/ Modified feb 28, 2020 3:14 p.m.

Group explores community impact of violence against Indigenous women

MMWIG committee members hear "heart-wrenching" stories from family members.

Ceremonial Signing HB2570 Gov. Doug Ducey holds up HB 2570, a law that will require the state to collect data on missing and murdered Indigenous women and girls, at the ceremonial signing Aug. 13, 2019.

A state study committee collecting data on missing or murdered Indigenous women and girls met Tuesday, Oct. 29, in Northern Arizona to learn more about how this violence affects the community.

State Sen. Jamescita Peshlakai, the vice chair of the committee, said a crowd of Hopi and Navajo residents who spilled in the hallway met the study committee in the Hopi village of Moenkopi. She said it's the government's responsibility to reach out to all Arizonans.

"We are dealing with families that are really vulnerable. That's why they're targeted," said Peshlakai. "They don't have the means to have a lobbyist at the Capitol. They don't have the means to have lobbyists in Washington, D.C."

Peshlakai said the committee, which is made up of lawmakers, advocates and law enforcement officers from across Arizona, will travel to both urban and rural communities to see how people in different legislative districts live.

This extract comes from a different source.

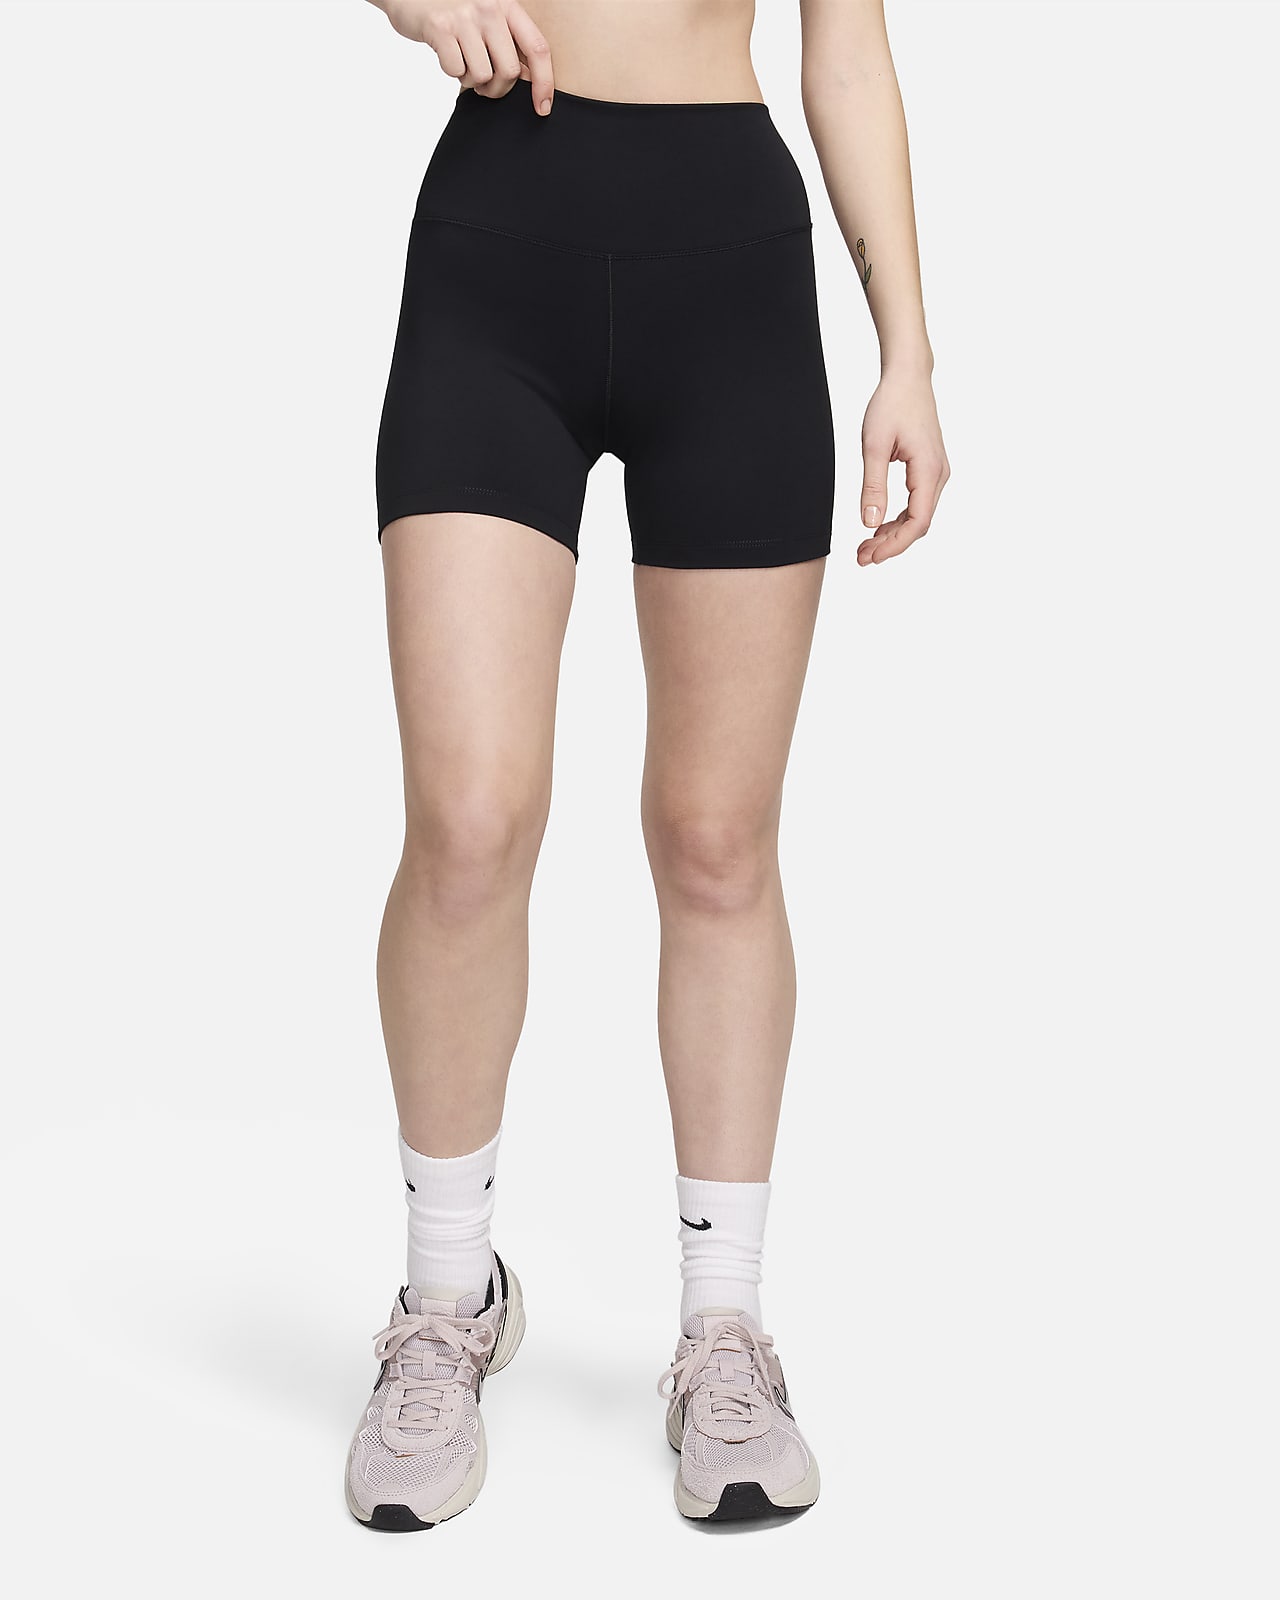 Calções tipo ciclista de cintura subida de 13 cm Nike One para mulher

State Sen. Victoria Steele, who is another member of the committee, called the testimonies "heart-wrenching."

"You would hear a woman speaking in the Navajo language, and I could not understand the words, but their pain was absolutely unmistakable," said Steele. "They cried. They were angry. Most of them were just in incredible pain. These were mostly elderly people that were crying because their daughters and their granddaughters had been taken."

Peshlakai said she's fluent in Navajo and was able to translate for the committee members who don't speak that language. She said she thinks since the committee wants to travel to more tribal lands for future meetings, they must have translators, so non-English speaking Indigenous Arizonans can share their stories with the committee.

Steele said some residents also said how frustrating it was to ask for updates on their loved one's case at a law enforcement agency — like the tribe, county or FBI — and they would be told to go to one of the other groups for answers.

"We know that this jurisdictional spiderweb is a part of the problem, because it delays investigation," said Steele.

The committee's next meeting will be in early December, at a location to be determined.